Hate Mail

Drama is conflict, and the Black Box Theatre's current production, titled Hate Mail, reveals its conflict within the first two minutes. As the battle slowly escalated, I wondered how playwrights Bill Corbett and Kira Obolensky could sustain the animosity and keep it building for an entire play. How dark could it get and still be a comedy? How could it possibly end? Murder? Nuclear war?

Silly me. I momentarily forgot that people are capricious and their reactions can be counterintuitive, surprising, even perverse. Fortunes can rise, fall, and rise. The choices and changes in our lives can give us perspective on the past. If we were given a chance to script our own lives, I suspect many of us would make ourselves the hero of the plot, steadily triumphing in success after success (whatever success means to each of us).
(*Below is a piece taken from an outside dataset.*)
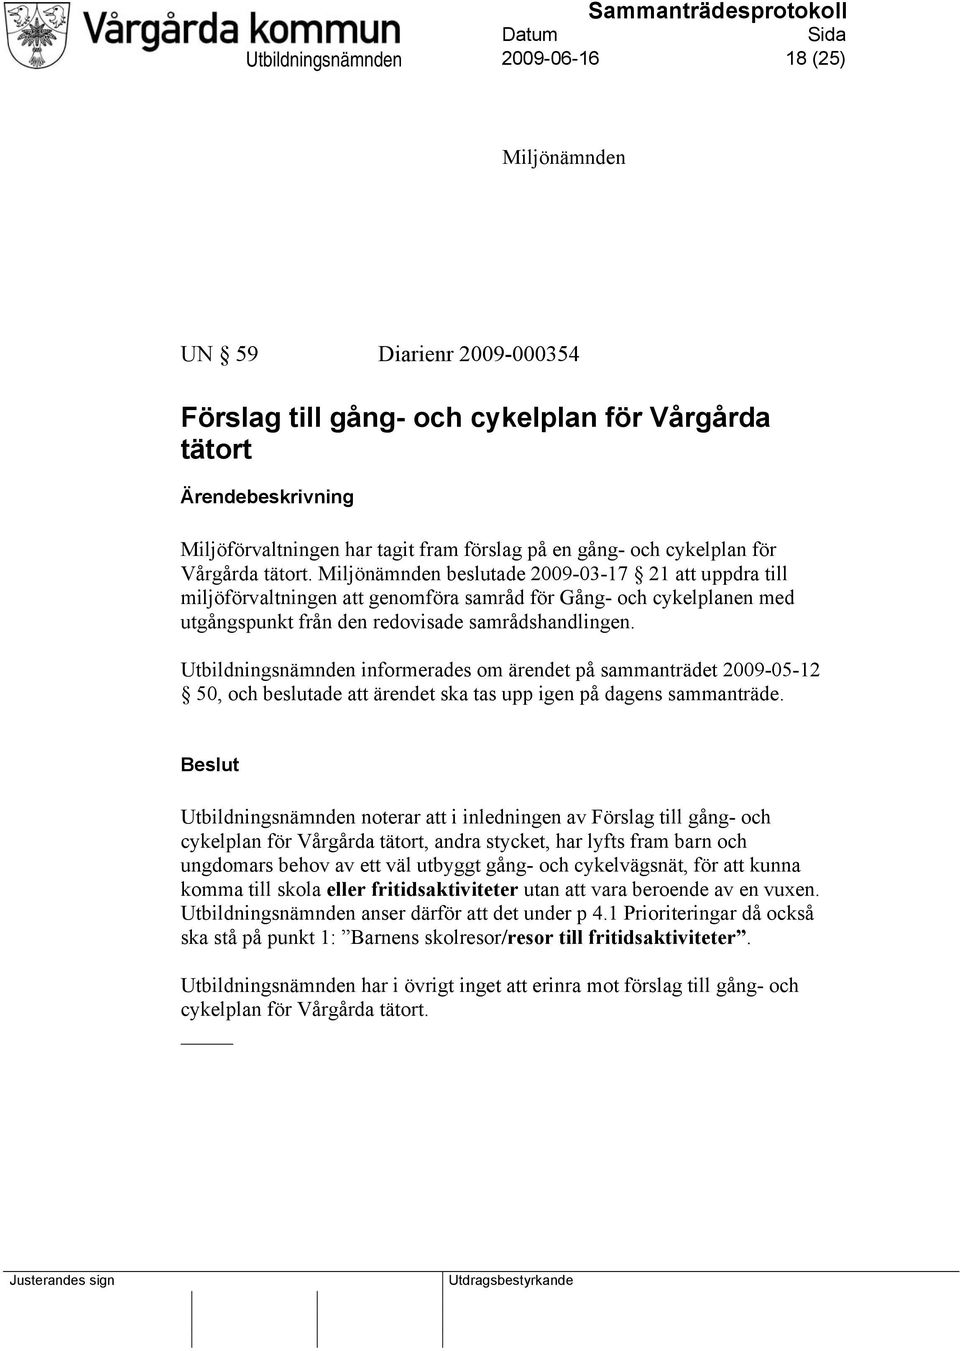 Miljönämnden beslutade 2009-03-17 21 att uppdra till miljöförvaltningen att genomföra samråd för Gång- och cykelplanen med utgångspunkt från den redovisade samrådshandlingen.

Oh, sure, there would be obstacles and villains to overcome, but we would conquer them bravely with nothing more than willpower and a smile. Well, maybe we'd write in some wealth, too. Fame. A driver. A maid. Perhaps an entourage.

Anyway, we live in a world in which unexpected events and chance meetings shape our lives, often against our will. This is how Corbett and Obolensky triumph in their script – by mirroring the uneven paths of real life. It's more than just a comedy, but it's not deep enough to keep you ruminating into the night. And at this particular point in my life, I don't need art to disturb me: I want to be entertained. Luckily for me, I was, at Sunday's performance of Hate Mail.

Black Box co-founder Lora Adams directed this readers'-theatre-style show, first performed in 1996. It's a counterpart to the ubiquitous Love Letters, also a two-person epistolary play. Matthew Walsh plays Preston, a Midwestern customer at a Times Square souvenir shop. Wendy Czekalski portrays Dahlia, the shop's assistant manager who receives Preston's complaint about one of their shoddy products. He wants a refund. She says “No refunds.” And so it begins.

Wendy Czekalski

I was pleased to see Walsh again after enjoying his multi-character performance in the Black Box's The Turn of the Screw in July. In this role, he gets to stick with portraying one person – albeit one with many moods and a wacky variety of interests. His acting is admirably physical even while seated, and as expressive as his face and voice. His line interpretations are refreshing in their unpredictability. I mean, sure, he yells, but how loudly can one yell? The tension has to increase with something more than volume, and it does. At times, he also shows his feelings with subtlety – and, yes, sometimes by shouting profanities. (This show is for adults.)

Czekalski, as the recipient of the letter that begins the clash, is a master of the slow burn. Dahlia's cool, snarky retorts to Preston's increasingly aggressive communiques are as hilarious as his histrionics. She eventually loses control as he does, fighting his personal insults with a powerful and sarcastic flamethrower of her own. Then she appeals to his sympathy. She's not just a store employee, but also a creator. She first uses this fact to hurt Preston, telling him she is laughing at his letters with her artistic snob friends. Then she reveals her destitute state (with which most artists are familiar), and that her luck is turning increasingly disastrous. There's so much going on behind Czekalski's eyes and we can hear it in her voice, as well as see it in her posture, gestures, and understated expressions.

The set is composed of two desks with chevrons on their fronts, each pointing to the other character at whom their missives are directed. I was gratified that the readers'-theatre element was barely noticeable, as the laptops on the desks hid their binders. I must also praise the actors' diction. Even in an intimate venue with vocal projection not an issue, crisp pronunciation is a must.

Matt Walsh

A few simple bell sounds are employed at various points during the show, but I wasn't sure whether they represented the passage of time, e-mail notifications (as their communications do so evolve from handwritten letters), or something else. I also didn't understand the significance of the changes in lighting. Usually, a spotlight is on one or the other as they speak and write each letter, although we are able to see the recipient reacting simultaneously. At times the lights are up on both when there doesn't seem to be a reason. Possibly the reason flew right over my head.

This was the first time in more than a year in which I saw a completely mask-less, shield-less performance, and a likewise bare-faced audience. The theatre's capacity has also been increased from 50 to 60 percent. You should take advantage of those newly available seats and see Hate Mail, which reminds us in a clever, engaging way that failure can alternate with success, and that lives and situations aren't all good or bad. There is a dramatic conclusion, but it's not annihilation or homicide. I think you'll be as pleased with it as I was.